1. When overloading the dereference operator, the type should be T&because that is necessary to modify the value pointed to by pData.
2. When overloading the structure dereference, the type should be T*because this operator is a special case and that is just how it works.

1. 重载解引用运算符时，类型应该是，T&因为这是修改 指向的值所必需的pData。
2. 当重载结构解引用时，类型应该是T*因为这个运算符是一个特殊情况，这就是它的工作原理。

The purpose of dereference operator is to dereference a pointer and returns the object reference. Hence it must return the reference. That is why it is T&.

解引用运算符的目的是解引用一个指针并返回对象引用。因此它必须返回引用。这就是为什么它是 T&。

The purpose of referring operator (->) is to return a pointer and hence T* is returned.

引用运算符 (->) 的目的是返回一个指针，因此返回 T*。

It is because pointer contains an address of a variable referencing it will give a reference (or to say a lvalue refrence) to the address it has stored. e.g. int x; int *p; p=&x;now xand *pcan be used interchangeably. if you do x =4;or *p = 4;both will have same result. *pworks as a reference to xjust like a normal reference int& t = x;will work.

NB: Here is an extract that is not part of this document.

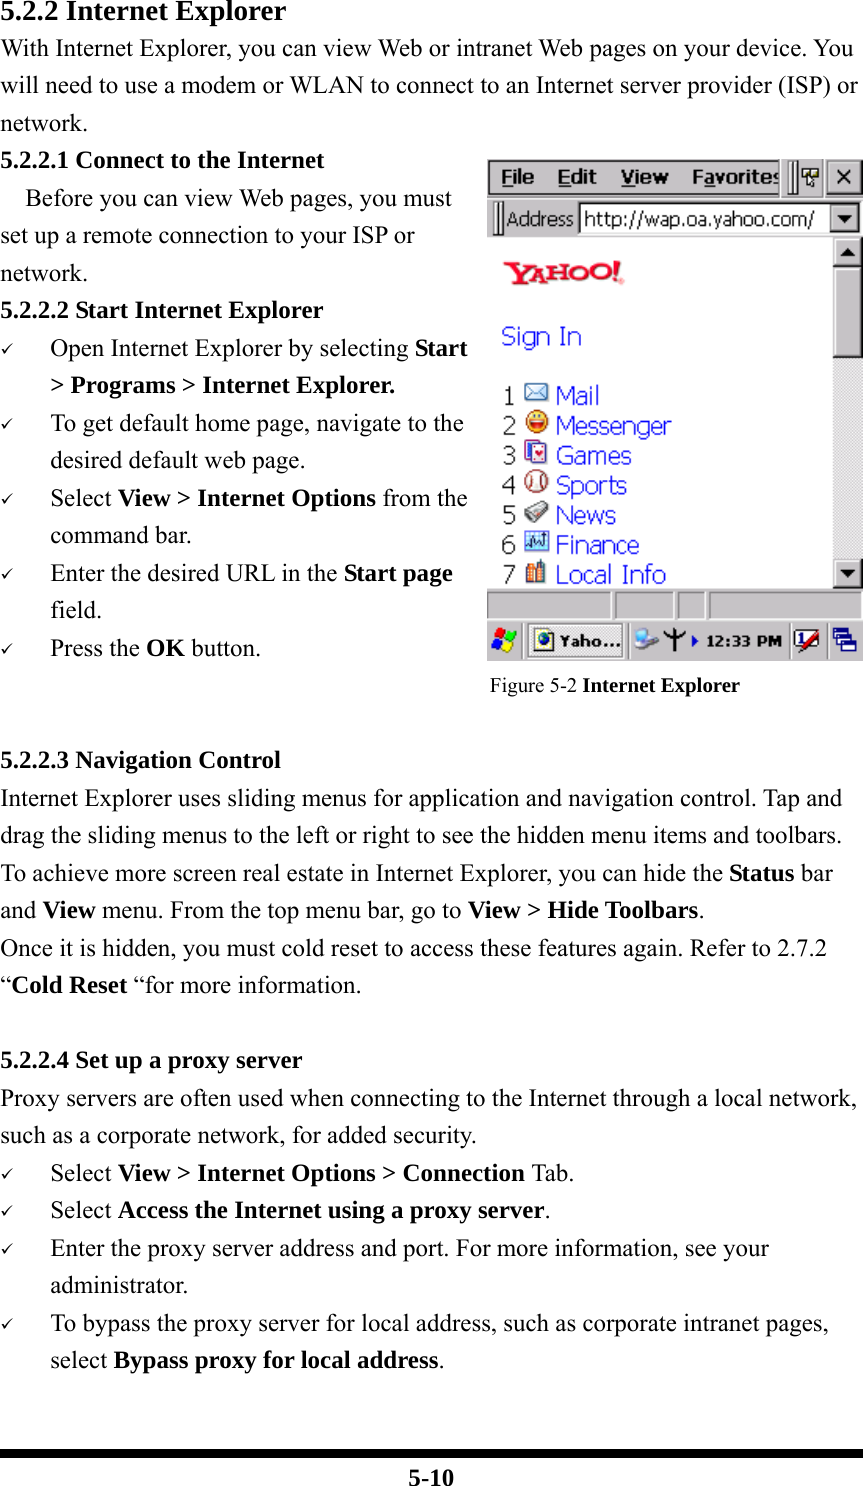  5-10 5.2.2 Internet Explorer With Internet Explorer, you can view Web or intranet Web pages on your device. You will need to use a modem or WLAN to connect to an Internet server provider (ISP) or network. 5.2.2.1 Connect to the Internet   Before you can view Web pages, you must set up a remote connection to your ISP or network. 5.2.2.2 Start Internet Explorer 9 Open Internet Explorer by selecting Start &gt; Programs &gt; Internet Explorer. 9 To get default home page, navigate to the desired default web page. 9 Select View &gt; Internet Options from the command bar. 9 Enter the desired URL in the Start page field. 9 Press the OK button. Figure 5-2 Internet Explorer  5.2.2.3 Navigation Control Internet Explorer uses sliding menus for application and navigation control. Tap and drag the sliding menus to the left or right to see the hidden menu items and toolbars. To achieve more screen real estate in Internet Explorer, you can hide the Status bar and View menu. From the top menu bar, go to View &gt; Hide Toolbars. Once it is hidden, you must cold reset to access these features again. Refer to 2.7.2 “Cold Reset “for more information.  5.2.2.4 Set up a proxy server Proxy servers are often used when connecting to the Internet through a local network, such as a corporate network, for added security. 9 Select View &gt; Internet Options &gt; Connection Tab. 9 Select Access the Internet using a proxy server. 9 Enter the proxy server address and port. For more information, see your administrator. 9 To bypass the proxy server for local address, such as corporate intranet pages, select Bypass proxy for local address.

这是因为指针包含引用它的变量的地址，它将提供对它存储的地址的引用（或说左值引用）。例如int x; int *p; p=&x;现在x和*p可以互换使用。如果你这样做x =4;或*p = 4;两者都会有相同的结果。就像正常参考一样*p工作作为参考。xint& t = x;

Next thing structure dereference operator. This operator gives you the access of member variables through a pointer to object of a class. In above example the member is T* pData;so using this operator will give access to pDataand pDatais T*so the return type is T*. if pDatain above example would have been Tthen the return type would have been T.

Next thing 结构解引用运算符。该运算符使您可以通过指向类对象的指针访问成员变量。在上面的例子中部件T* pData;，因此使用此操作者就可以访问pData和pData是T*那么返回类型为T*。如果pData在上面的例子中是，T那么返回类型应该是T.

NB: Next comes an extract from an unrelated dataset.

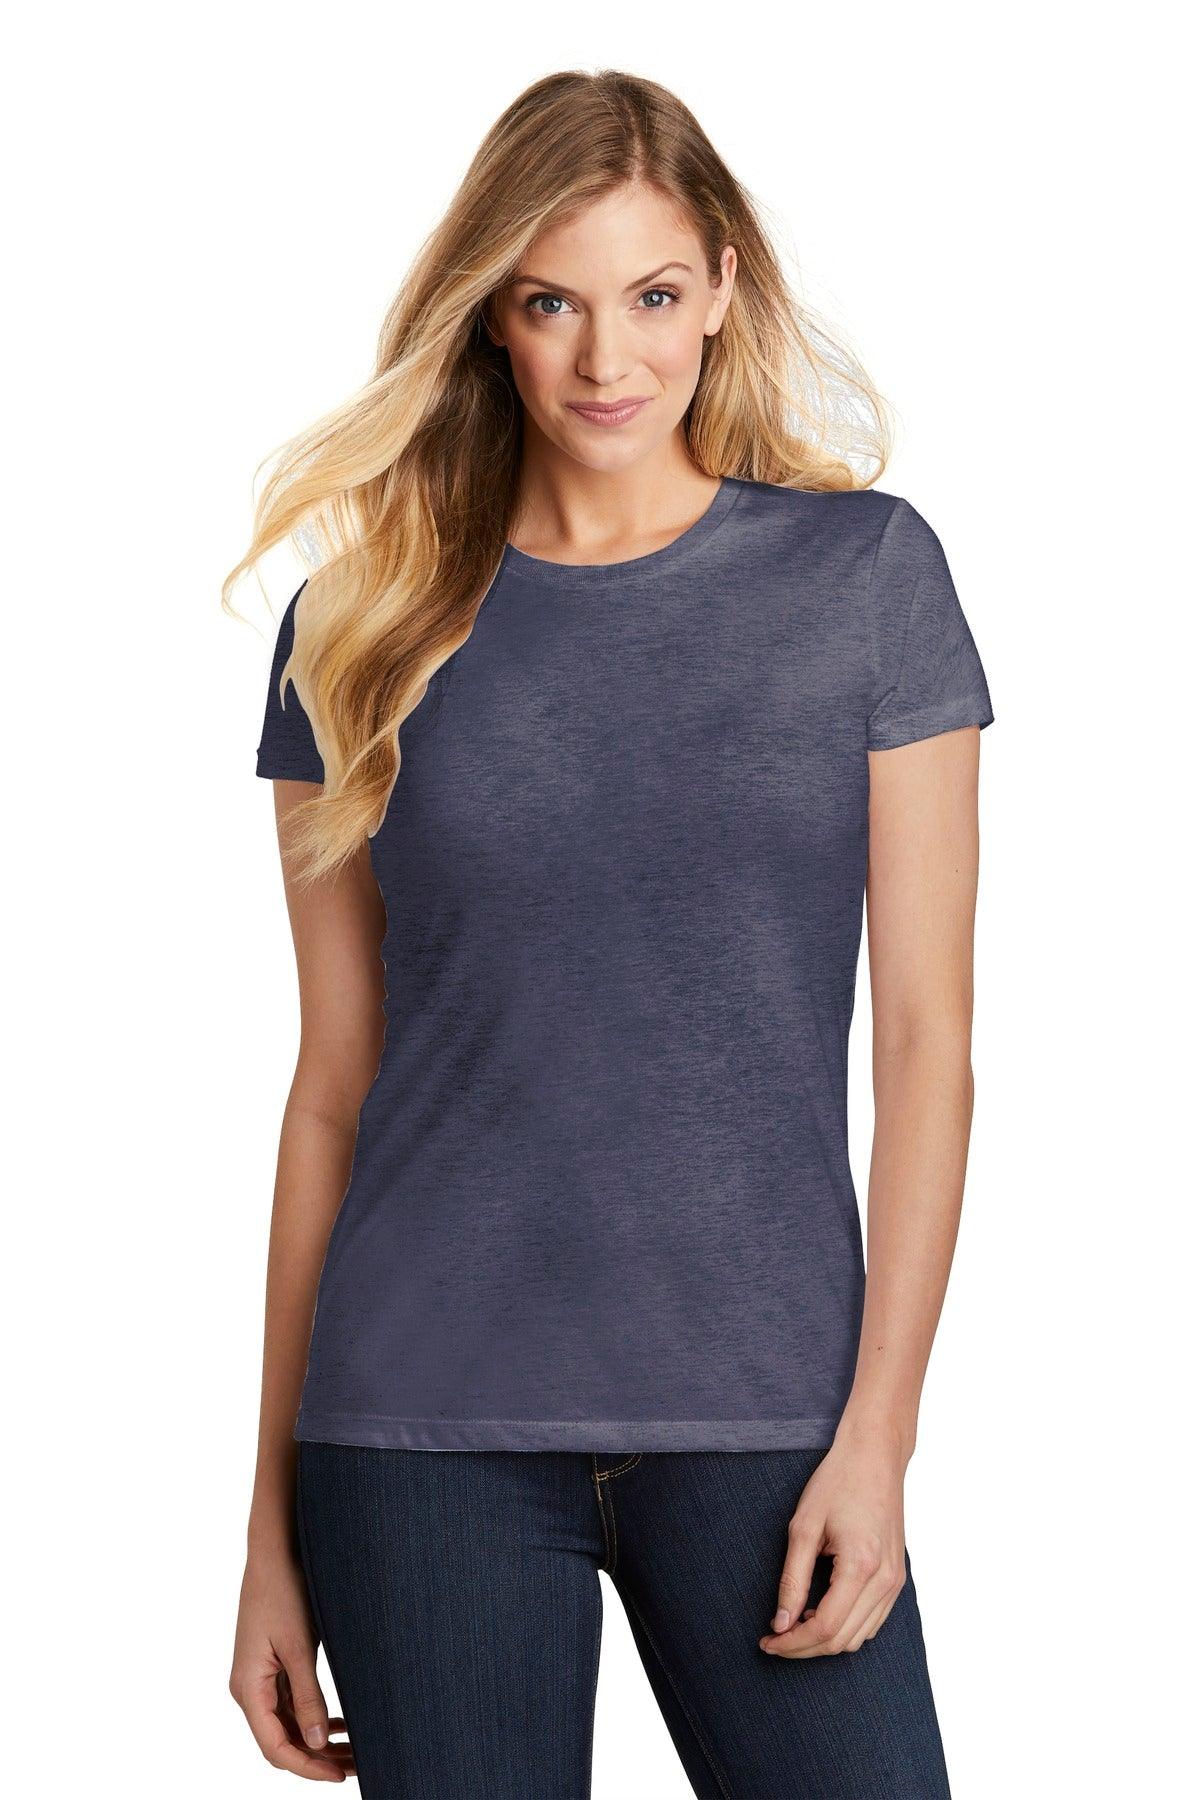 District Women's Fitted Perfect Tri Tee. DT155 - Dresses Max

Overloaded operators are just functions

重载运算符只是函数

When overloading operaters you are free to return anything basicly (just like any other function), with the noteable exception of member of pointer->being somewhat special in this way.

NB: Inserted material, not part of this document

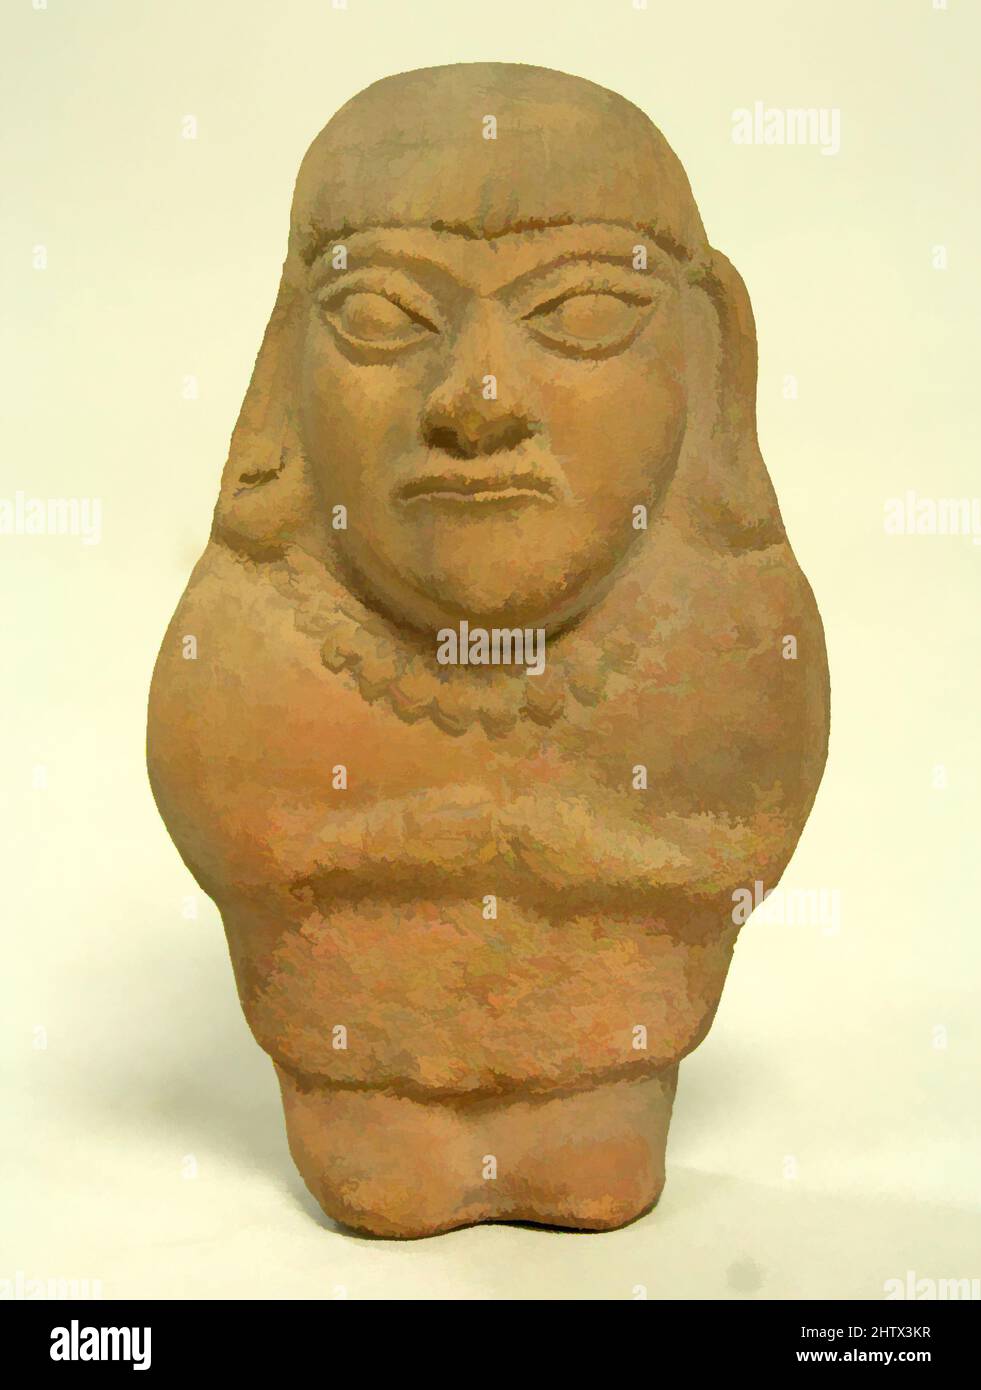 Art inspired by Standing Ceramic Figure, 3rd–5th century, Peru, Moche, Ceramic, H x W: 5 1/4 x 3in. (13.3 x 7.6cm), Ceramics-Sculpture, Classic works modernized by Artotop with a splash of modernity. Shapes, color and value, eye-catching visual impact on art. Emotions through freedom of artworks in a contemporary way. A timeless message pursuing a wildly creative new direction. Artists turning to the digital medium and creating the Artotop NFT Stock Photo

当重载操作符时，您基本上可以自由地返回任何内容（就像任何其他函数一样），但指针成员的显着例外->在这种方式中有些特殊。

In the example you show, a smart pointer, you aim to mimick the syntax of a pointer (pointer semantic). Then for syntax like:

在您展示的示例中，智能指针旨在模仿指针的语法（指针语义）。然后对于像这样的语法：

*p = 2;

The indirection operator*return a non-const referenceto object and we are able to modify through operator*. In effect, usually used for proxytype classes in the same way and it is a sort of a convention - but you could in theory return whatever.

间接operator*返回一个对 object的非常量引用，我们可以通过operator*. 实际上，通常以相同的方式用于代理类型类，这是一种约定 - 但理论上您可以返回任何内容。

The member of pointeroperator ->is a bit tricky. See this answerfor an explanation.

指针运算符的成员->有点棘手。请参阅此答案以获取解释。

We are making smart pointer and our aim is to access member of class/structure using any of this T& (reference) or T* (pointer) with flexibility.

我们正在制作智能指针，我们的目标是使用任何 T&（引用）或 T*（指针）灵活地访问类/结构的成员。

for T* operator-> ():

对于 T* 运算符-> ()：

T* operator-> ()
{
  return pData;
}
arrow operator (->) is a shorthand for (*p) and hence we return *pData which is of   type T*. 
here we are Overloding arrow operator so that members of T can be accessed like a pointer.

for T& operator* ():

对于 T& 运算符* ()：

T& operator* ()
{
  return *pData;
}
    * is "value at address" operator, here we are Overloding * (pointer) operator so 
    that members can be accessed  through a reference (T&).

We can change the behavior of the operator with operator overloading but its not recommended. overloaded operator behavior should be as close as its basic functionality.

我们可以通过运算符重载来改变运算符的行为，但不推荐这样做。重载操作符的行为应该与其基本功能一样接近。